Die Pädagogin lässt jedoch in ihren Bemühungen nicht nach, sich zu Simon und seinem Spiel in Beziehung zu setzen. Sie bleibt dabei sehr ruhig und reduziert. Nun nimmt sie das Auto ihrerseits in den Blick und singt förmlich das „Tatü-Tata“! – Simon hält inne und nimmt Blickkontakt zu der Erzieherin auf, die diesen Blick auch für einen kurzen Moment erwidern kann, denn genau in diesem Moment kommt ein Mädchen, sagt zu der Kollegin: „Guck mal!“ – und hält ihr ein Spielzeug vors Gesicht. Sofort ist das dünne Beziehungsband zwischen Simon und der Fachkraft gerissen. Hier liegt ein Grundproblem in der Begleitung von autistischen Kindern. Ihre Affekte sowie ihre Möglichkeiten sich über ihre Augen und ihre Mimik in Beziehung zu setzen sind so reduziert und selten, dass sie den Aufmerksamkeitsfokus ihrer Bezugspersonen in der Regel nicht hinreichend erreichen, um einen dauerhaften und so wichtigen, wechselseitigen Dialog entstehen zu lassen.


Wir brauchen also einen Rahmen, der die Möglichkeit, den anderen mit seinen Initiativen, kleinsten Kommunikationsangeboten und Affekten, wahrzunehmen, erhöht.*4 In der Kita, in welcher Simon betreut wird, wählen wir einen sehr reizarmen Raum in welchem nur ein Teppichboden sowie acht Bewegbausteine (bezogenen Schaumgummiblöcke) sind.
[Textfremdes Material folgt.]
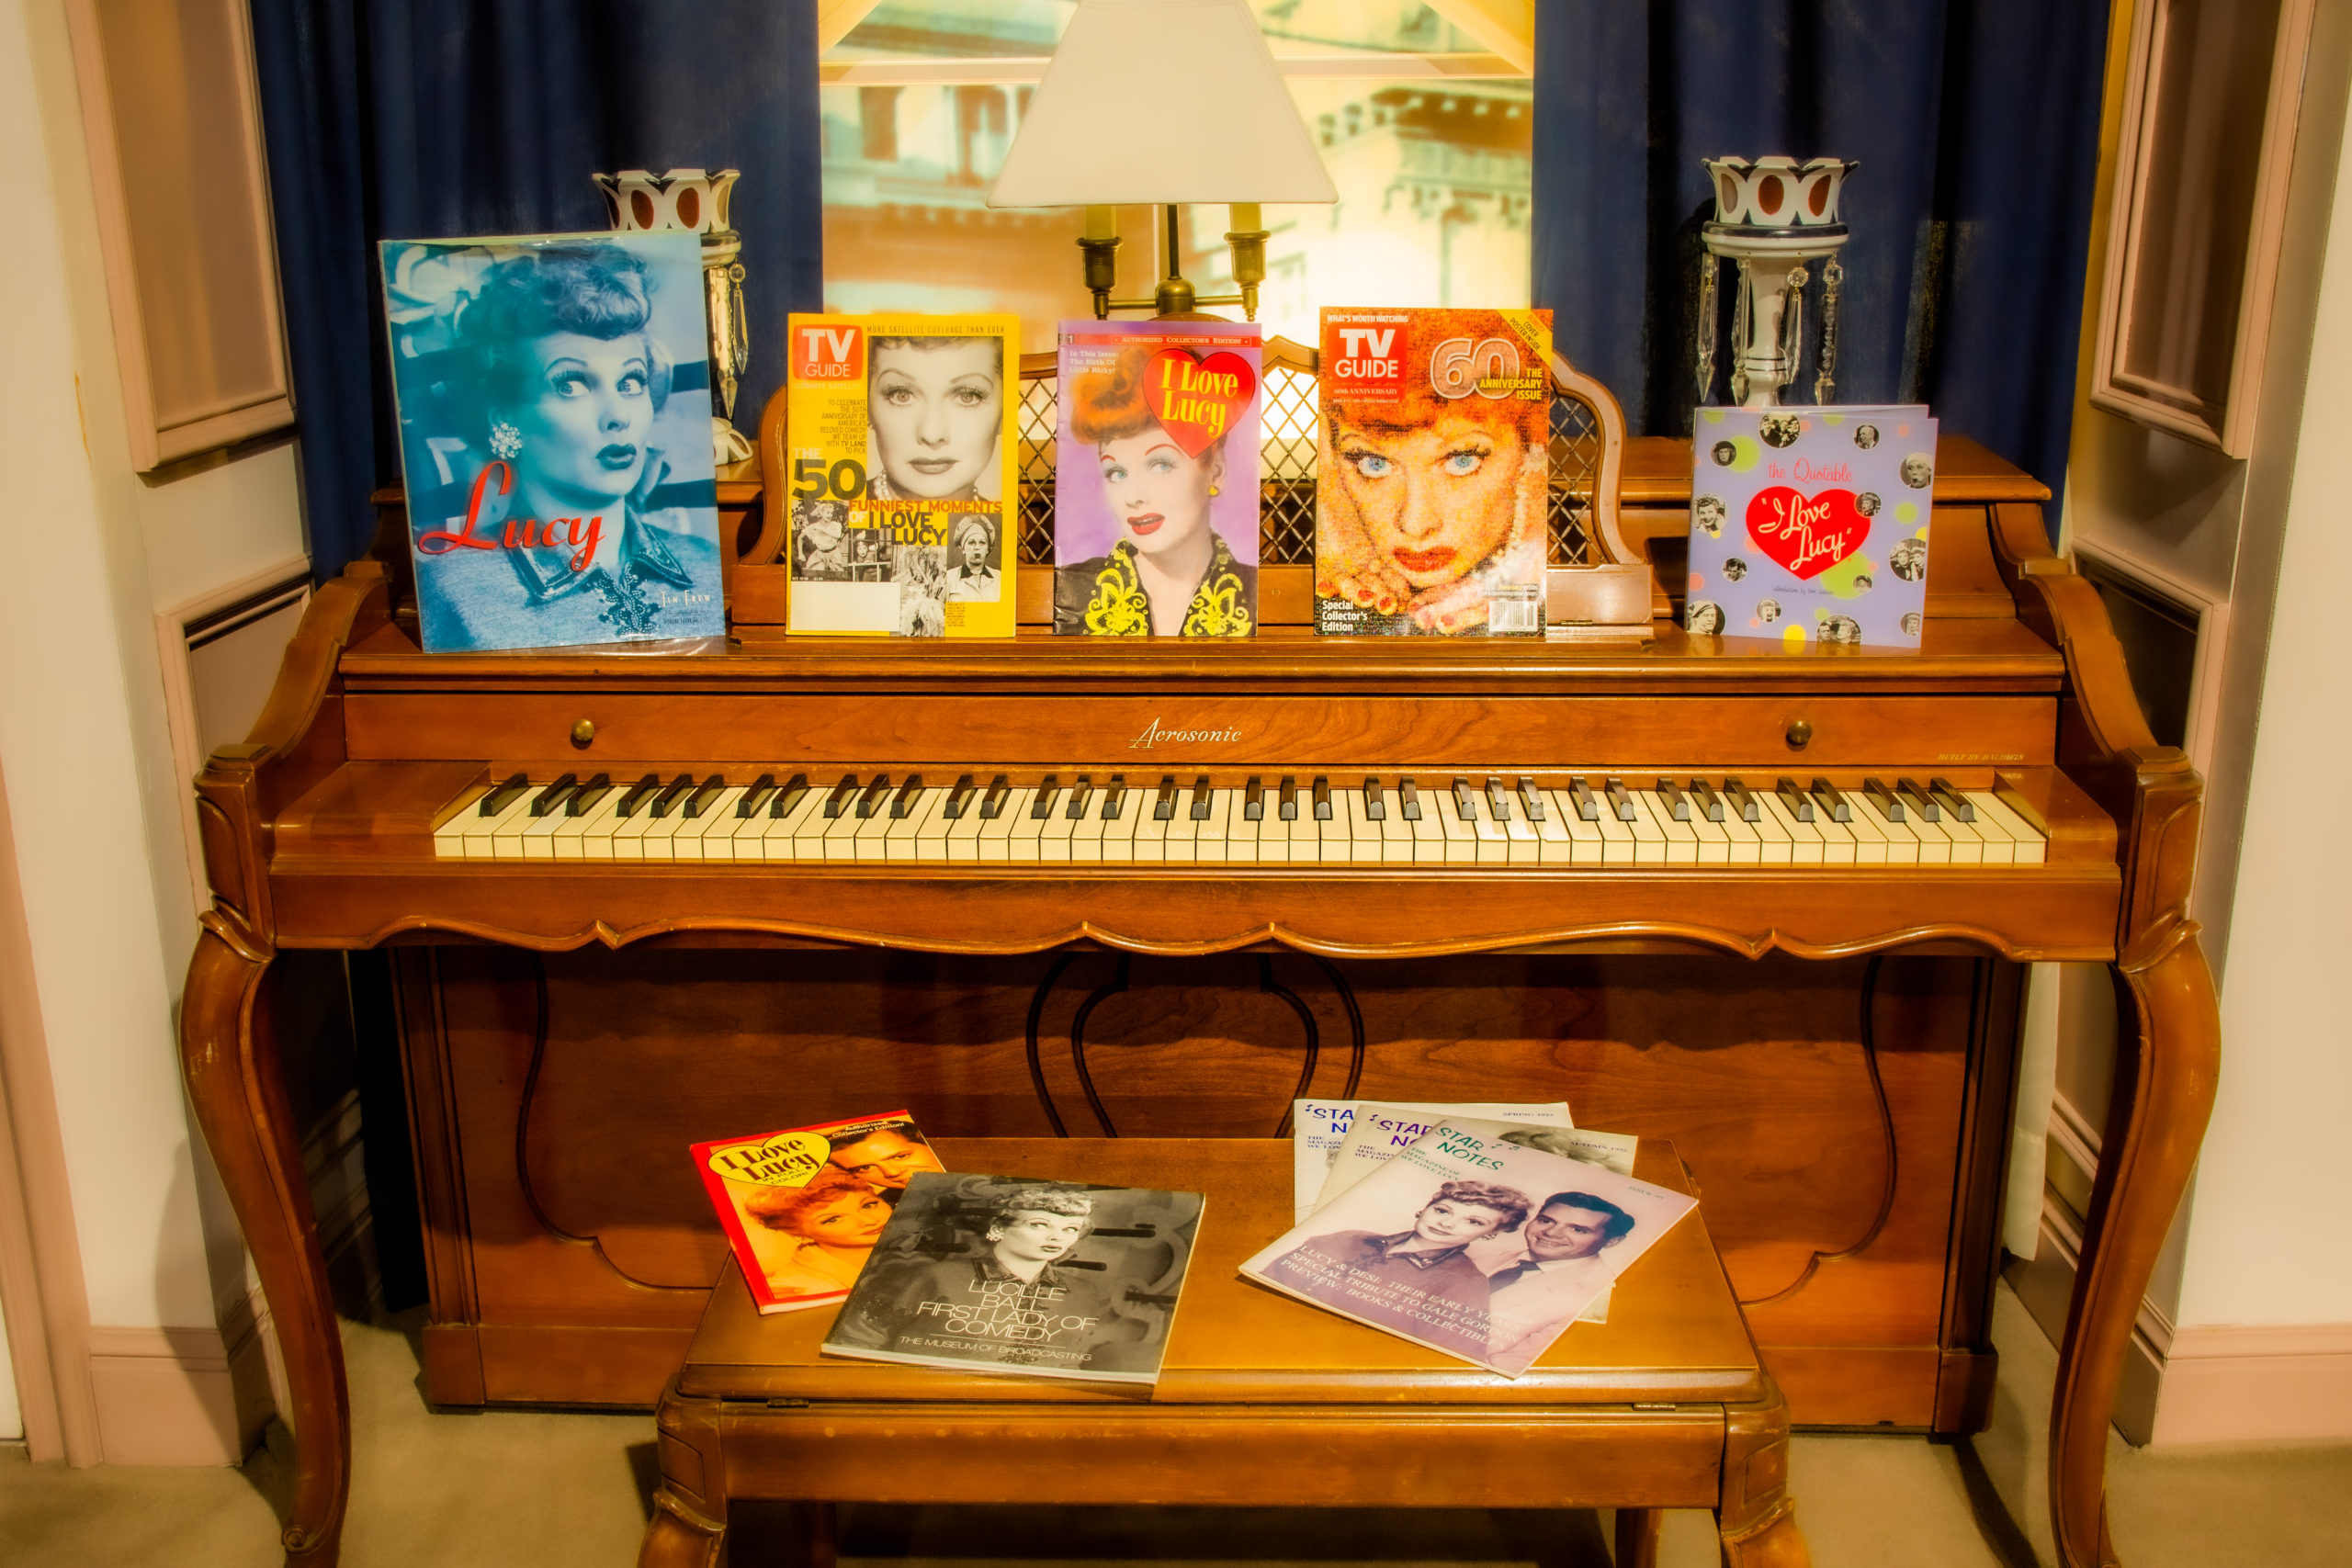 Vintage I Love Lucy magazines displayed on piano

Hier trifft sich die heilpädagogische Fachkraft fast täglich für 20 Minuten mit Simon, um Interaktionsmomente zu initiieren. Sie baut dazu aus den Bewegbausteinen einen massiven Turm, der Simon deutlich überragt, während dieser im Zehenspitzengang seine Runden dreht – ohne scheinbar Notiz von diesem Bauwerk zu nehmen. Doch genau in dem Moment, als die pädagogische Fachkraft den letzten Stein auf den Turm gesetzt hat, steuert Simon darauf zu, gibt einen Ton von sich und schubst den Turm mit einem heftigen Stoß um. Es geht alles rasend schnell und die Pädagogin geht zu Simons Aktion und seinem Erleben mit ihrem ganzen Körper, mit ihrer Stimme, mit ihrer Gestik und Mimik sowie ihrer Emotion in Beziehung. Es ist ein explosiver – oder besser exklusiver – Beziehungsmoment, in welchem es für Beide nur das Ereignis des Fallenden Turmes sowie den eigenen Reaktionen gibt, die hier für Sekunden zu einer Einheit verschmelzen. Simon lacht, kreischt und das spontane Lachen der Fachkraft, welches sich auch in ihrem Gesicht abbildet, ist hier eine unmittelbare Spiegelung seiner Emotionen.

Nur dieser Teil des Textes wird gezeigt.